Dans un premier bilan, le ministère de l’Intérieur a de son côté souligné que ces intempéries ont causé, depuis le 27 novembre 2014, le décès de 11 personnes. Huit parmi elles ont succombé suite à l’effondrement de leurs maisons en pisé, alors que les trois autres ont été emportées par les crues des oueds. Deux personnes sont toujours portées disparues et demeurent activement recherchées.
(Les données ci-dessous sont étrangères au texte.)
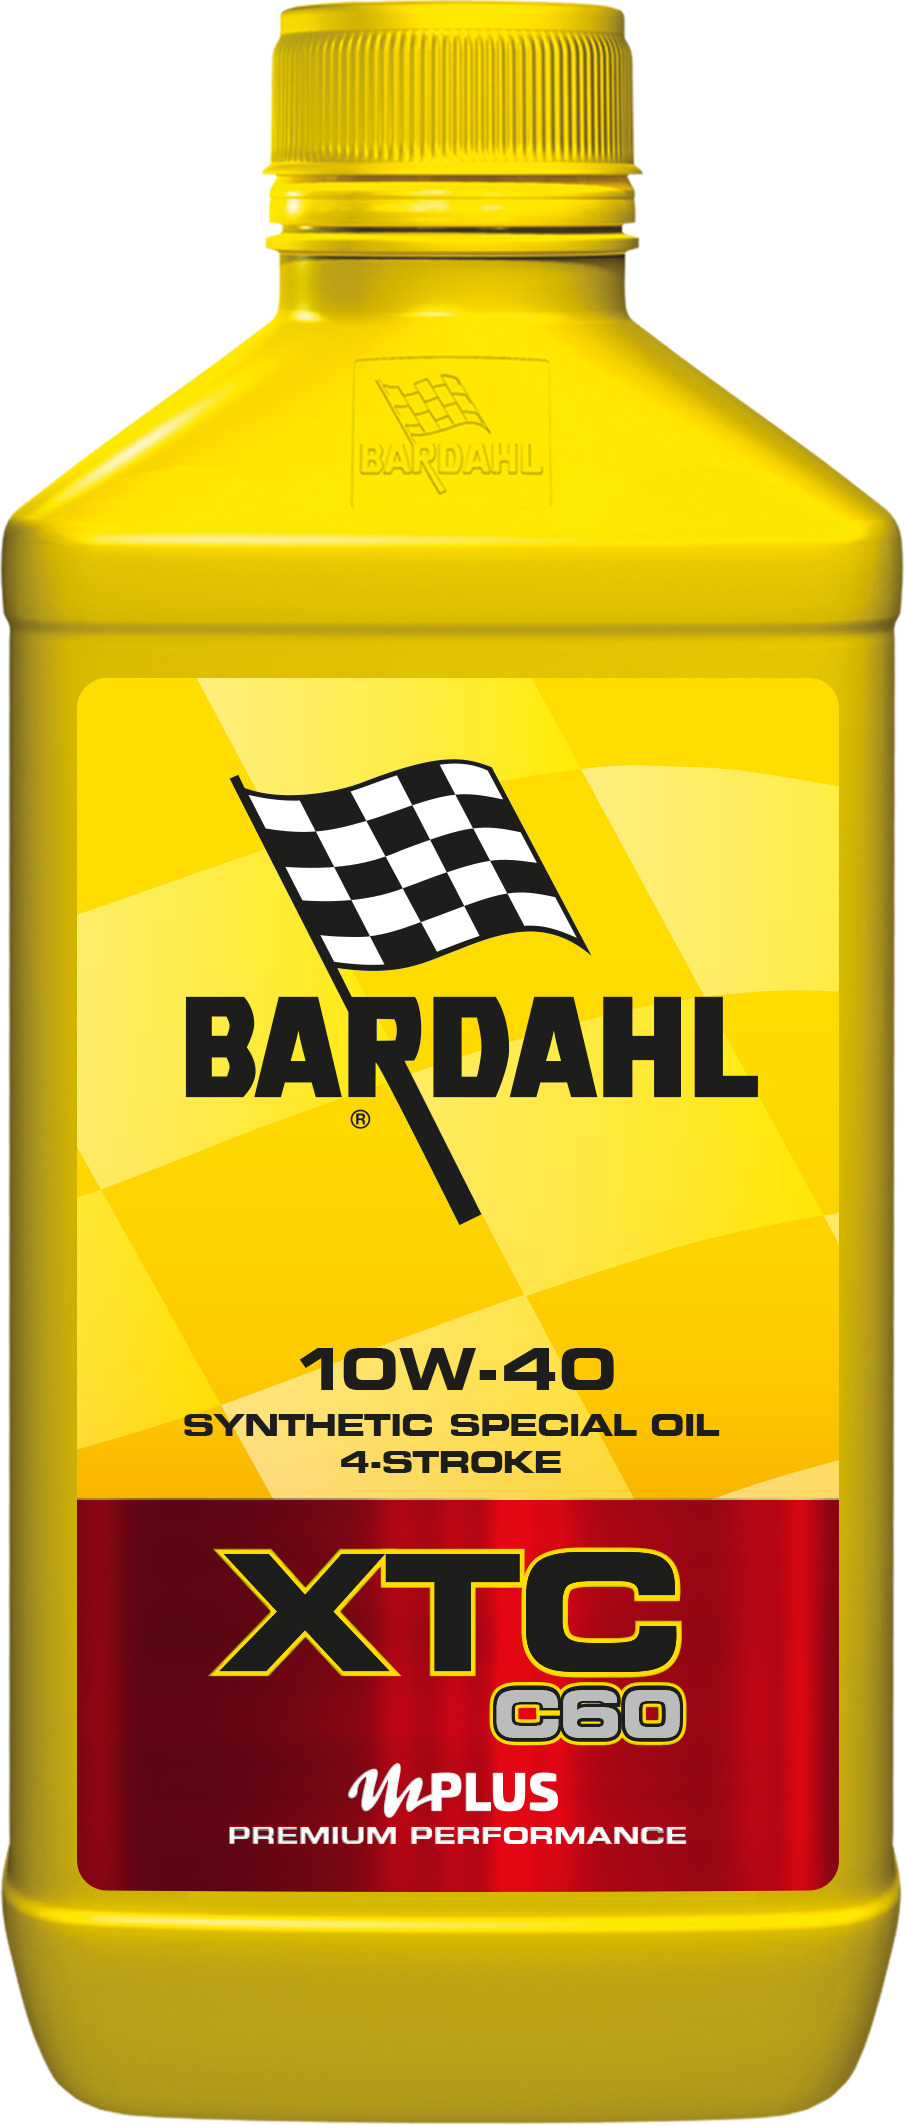 Bardahl xtc c60 5w-40. Bardahl 10w50 Moto. Бардаль 5w40 синтетика. Масло Bardahl 10w4. Артикул масло бардаль

Les barrages font le plein
Les dix barrages du Souss-Massa-Daraâ ont affiché un taux de remplissage de 90,1%, selon l’Agence hydraulique du Souss-Massa-Daraâ. Le volume est de 1.313,79 millions de m3, sur une capacité de 1.458,54 millions de m3, soit 930,91 millions de m3 d’apports en eau depuis le 20 novembre. Les réserves font ressortir un taux de remplissage à 110,5% pour le barrage Dkhila, 105,2% pour Mansour Eddahbi, 103,2% pour Youssef Ben Tachefine, 102,8% pour Aoulouz, 102,2% pour Imi El Kheng, 101,8% pour Ahl Souss, 101,3% pour Moulay Abdellah, 67,1% pour Tiouine et 57,4% pour Abdelmoumen.
Des retombées…
L’export des fruits et légumes est paralysé à cause des fortes précipitations qu’a connues le Souss. Cette région assure 60% de l’export des agrumes et environ 90% des expéditions de fruits et légumes. D’ailleurs, la région participe à hauteur de 70% à l’approvisionnement du marché national en fruits et légumes.
Indemnités
L’arboriculture fruitière peut prétendre à une indemnisation de l’assurance agricole multirisque, à condition que la zone concernée soit déclarée sinistrée. Les cultures de primeurs sont hors champ de couverture et jusqu’à présent le ministère de l’Agriculture n’a pas évalué les dégâts dans ce secteur. D’ailleurs, les cultures de primeurs et autres légumes sont les plus touchées dans le Souss. Selon les professionnels du secteur, entre 10 et 15% d’exploitations sont inondées. D’autres régions, notamment le Gharb et le Haouz, connaissent la même situation, mais avec une intensité beaucoup moindre que dans le Souss.
Guelmim «zone sinistrée»
Guelmim (200 kilomètres au sud d’Agadir) est déclarée «zone sinistrée». Les fortes précipitations qui se sont abattues, le vendredi 28 novembre 2014, sur la région ont causé d’importants dégâts. Les pluies ont endommagé de nombreuses infrastructures et provoqué le débordement des oueds de la région et des environs, entraînant ainsi l’isolement de la région. La situation est catastrophique à tel point que les autorités de la province ont déclaré Guelmim «zone sinistrée». La crue de l’oued Oum Laâchar qui traverse la ville avait emporté la digue devant protéger cette cité, provoquant ainsi d’importants dégâts dans les quartiers sud de la ville et isolant des quartiers comme Hay Rahma, Moulay Youssouf, Gramiz, Amhairich et le quartier industriel. Les eaux ont également coupé la Route Nationale n° 12 et la RN menant respectivement à Sidi Ifni et en direction de Tan Tan.
Pont aérien
Les dégâts matériels sont considérables. Plusieurs milliers d’habitations ont été totalement détruites, des routes coupées, des ponts effondrés et le réseau électrique endommagé. Au moins 250 villages étaient encore «enclavés» ce lundi 1er décembre. Un pont aérien a notamment été mis en place entre Guelmim et Sidi Ifni (sud-ouest) pour porter assistance aux populations encerclées par les eaux en leur apportant couvertures, eau potable et alimentation, mais aussi une assistance médicale. Ainsi, deux femmes ont été transportées pour accoucher et un homme pour sa séance de dialyse.